Les chercheurs de l’Institut vont aussi proposer des solutions de gestion durable des terres et contribuer à valoriser les pratiques agricoles adaptées au contexte climatique.
Dresser une cartographie agronomique des sols de la zone soudano-sahélienne, afin d’identifier les contraintes liées à la dégradation des terres et aux effets du changement climatique. C’est à cela que s’attèle un groupe de chercheurs coordonné par le Dr.
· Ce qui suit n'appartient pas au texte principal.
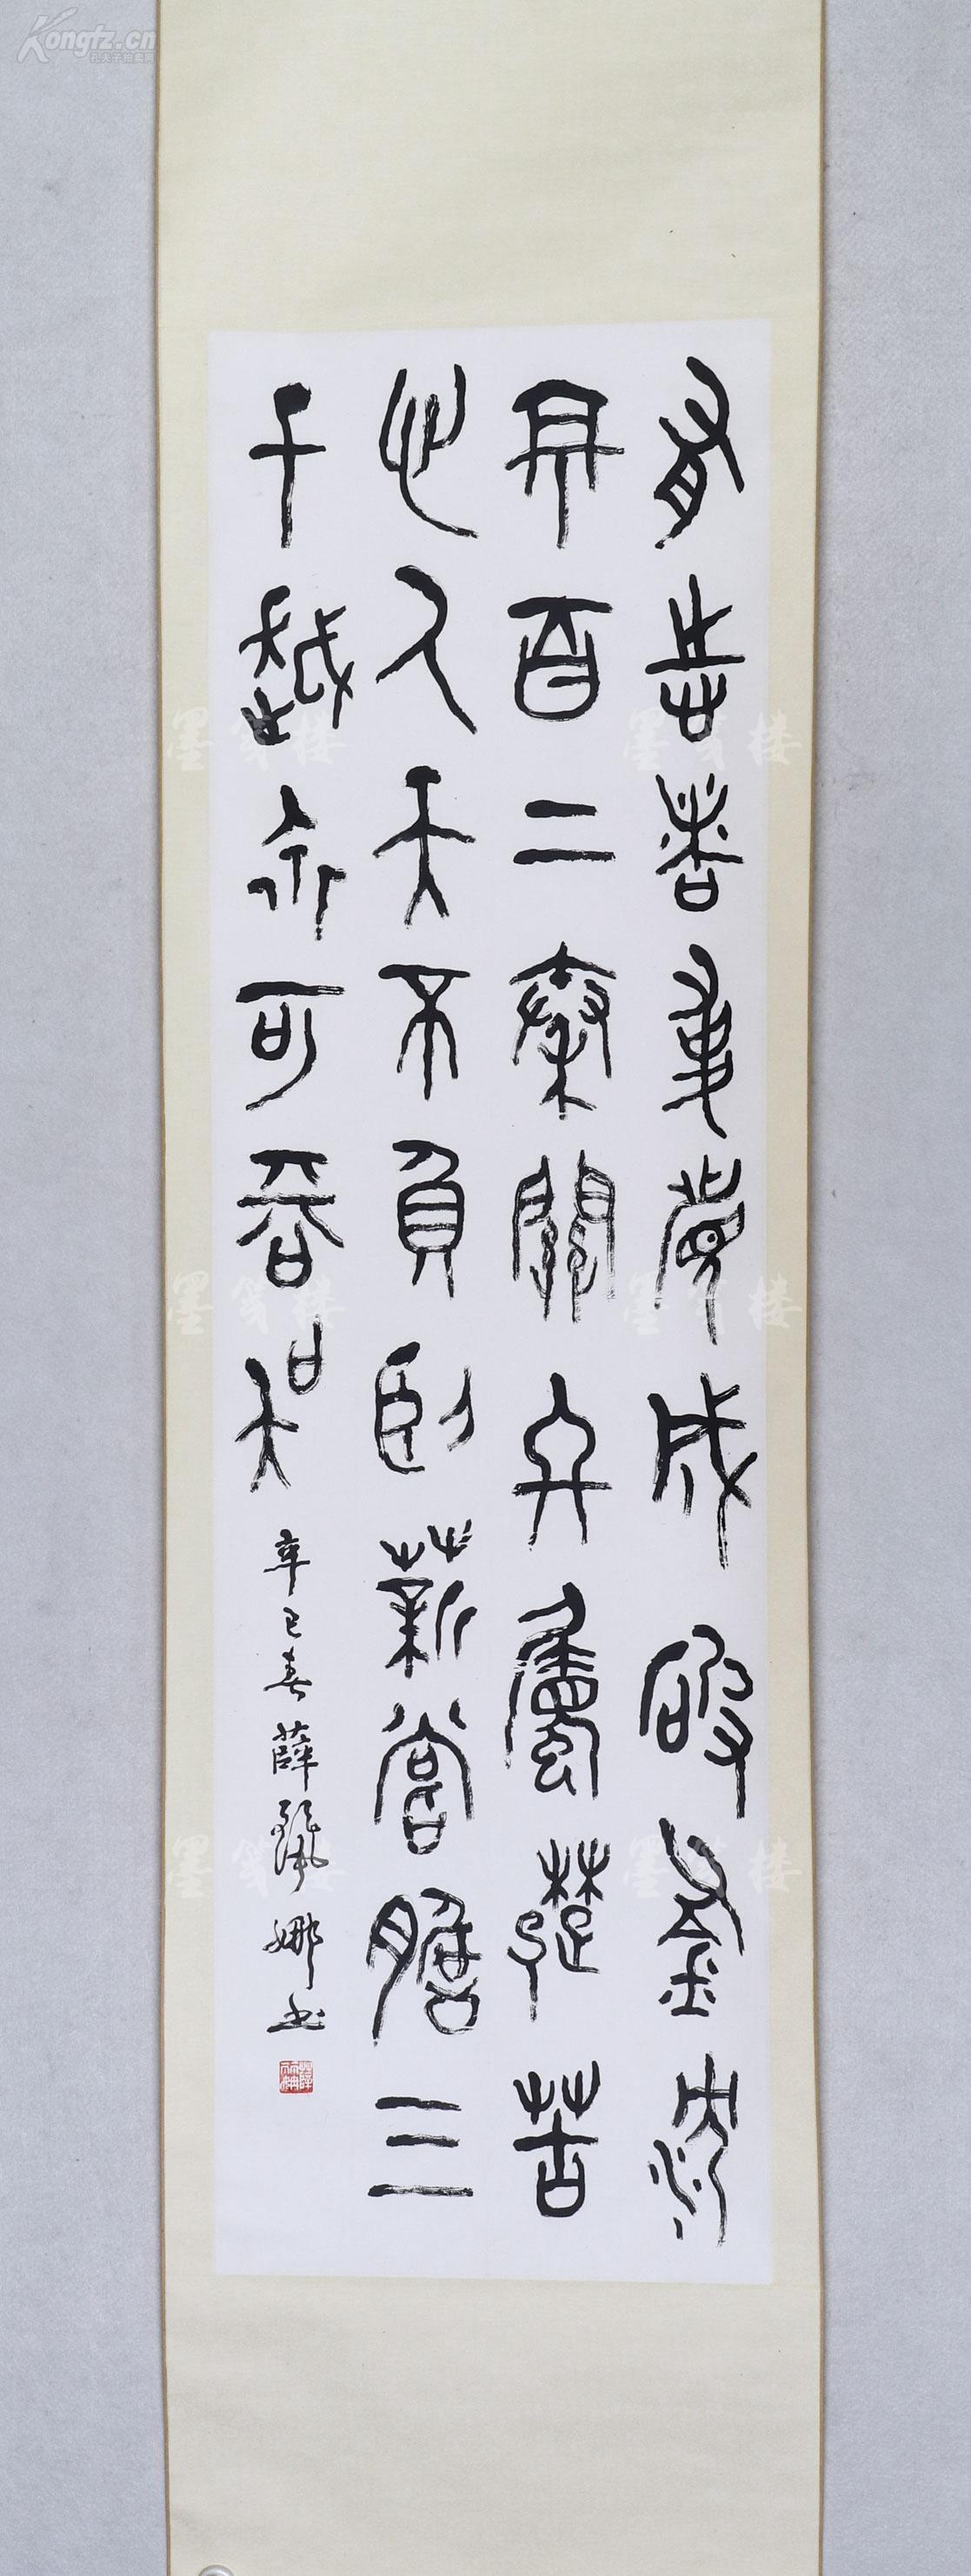 """【参展原作】著名书法家,常州书协理事 薛丽娜 2001年篆书书法""""有志者图片"""
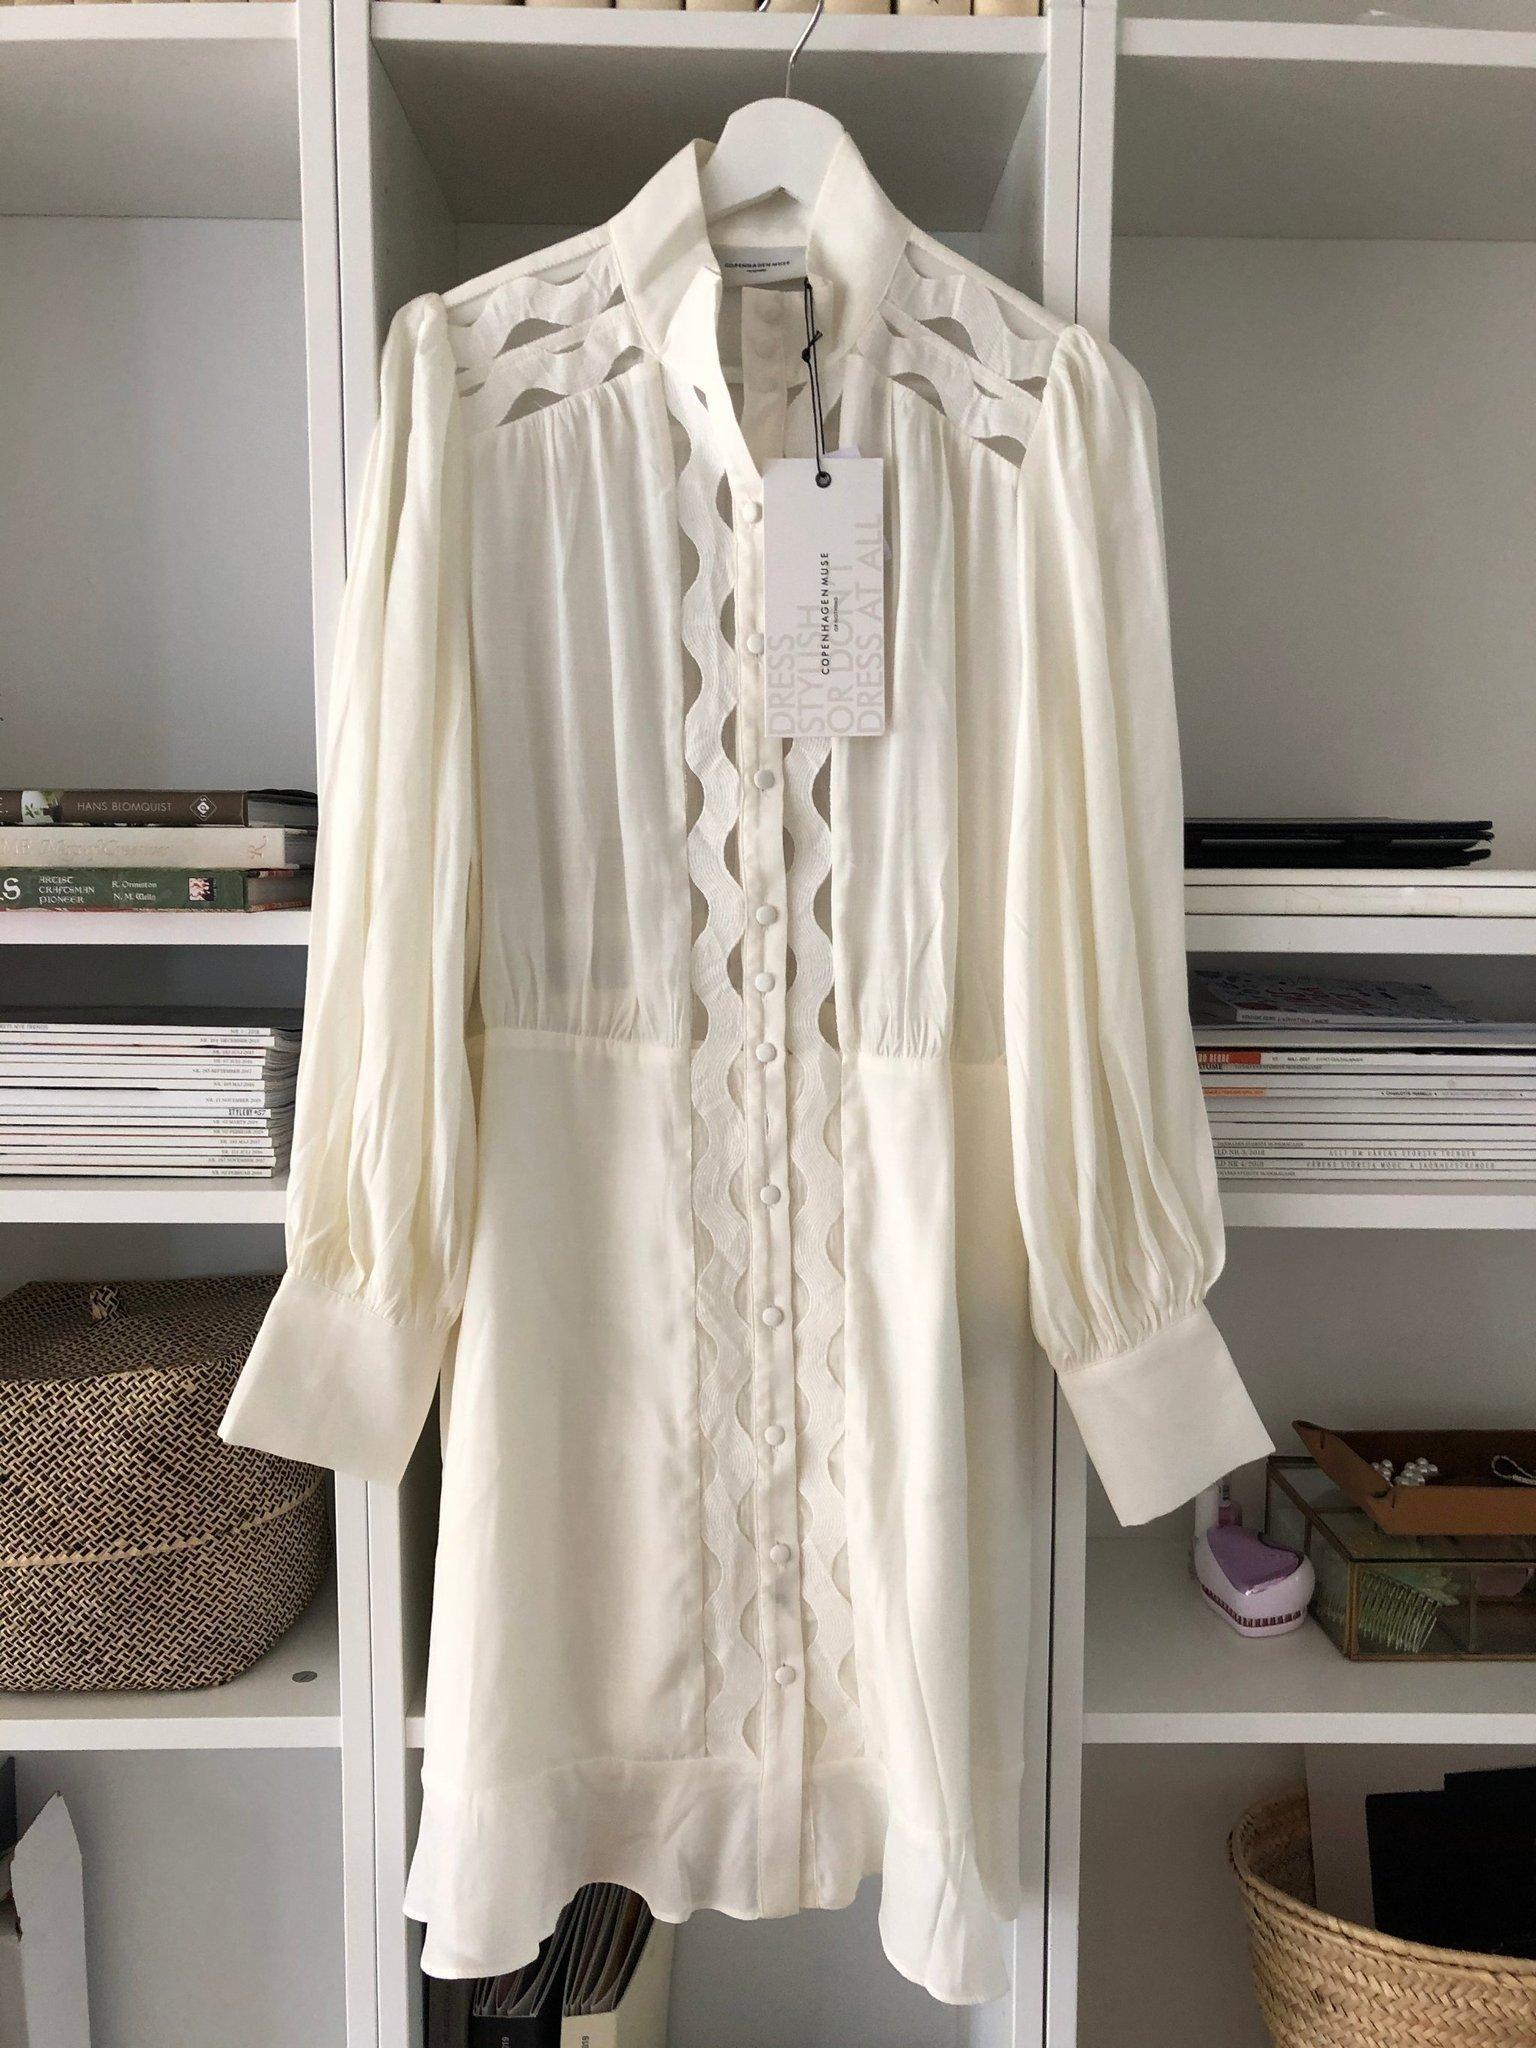 Copenhagen muse vit klänning helt ny strlk M (410210270) ᐈ

TIKI Denis, agropédologue et cartographe, dans le cadre du projet intitulé « cartographie des potentialités agronomiques des sols de la zone soudano‑sahélienne du Cameroun : vers une gestion durable des terres et un aménagement du territoire ». la localité de Ngong, dans le département de la Bénoué, région du Nord, est le site pilote pour la première année.
L’objectif de ce travail retenu pour l’appel à projets import-substitution lancé par l’Institut de recherche agricole pour le développement (IRAD) en 2025 est d’identifier et cartographier les potentialités agronomiques des sols de la zone Soudano‑Sahélienne ; proposer des solutions de gestion durable et antiérosive des terres ; et contribuer à l’aménagement du territoire et à la valorisation des pratiques agricoles adaptées au contexte climatique.

A terme, les résultats attendus sont les suivants : des cartes pédologiques détaillées et des cartes de sensibilité à l’érosion ; une base de données numérique sur les sols de la zone soudano‑sahélienne ; l’dentification des indicateurs de fertilité et des contraintes majeures ; la publication d’articles scientifiques et recommandations pratiques pour les producteurs ; l’élaboration d’une carte de gestion durable et d’utilisation des terres.
Comme plus-value sur le plan scientifique, ce travail devra permettre la production de données inédites sur la fertilité et la dégradation des sols ; le développement d’une méthodologie intégrée combinant prospection, analyses et géomatique ; et une contribution aux connaissances globales sur la gestion durable des sols tropicaux.

Sur le plan socio‑économique, il devrait entraîner une amélioration de la productivité agricole (blé, maïs et autres cultures stratégiques) ; la réduction de la dépendance aux importations alimentaires (objectif d’import‑substitution) ; le renforcement de la résilience des producteurs face aux aléas climatiques ; et la contribution à la sécurité alimentaire et à la durabilité des systèmes agricoles locaux.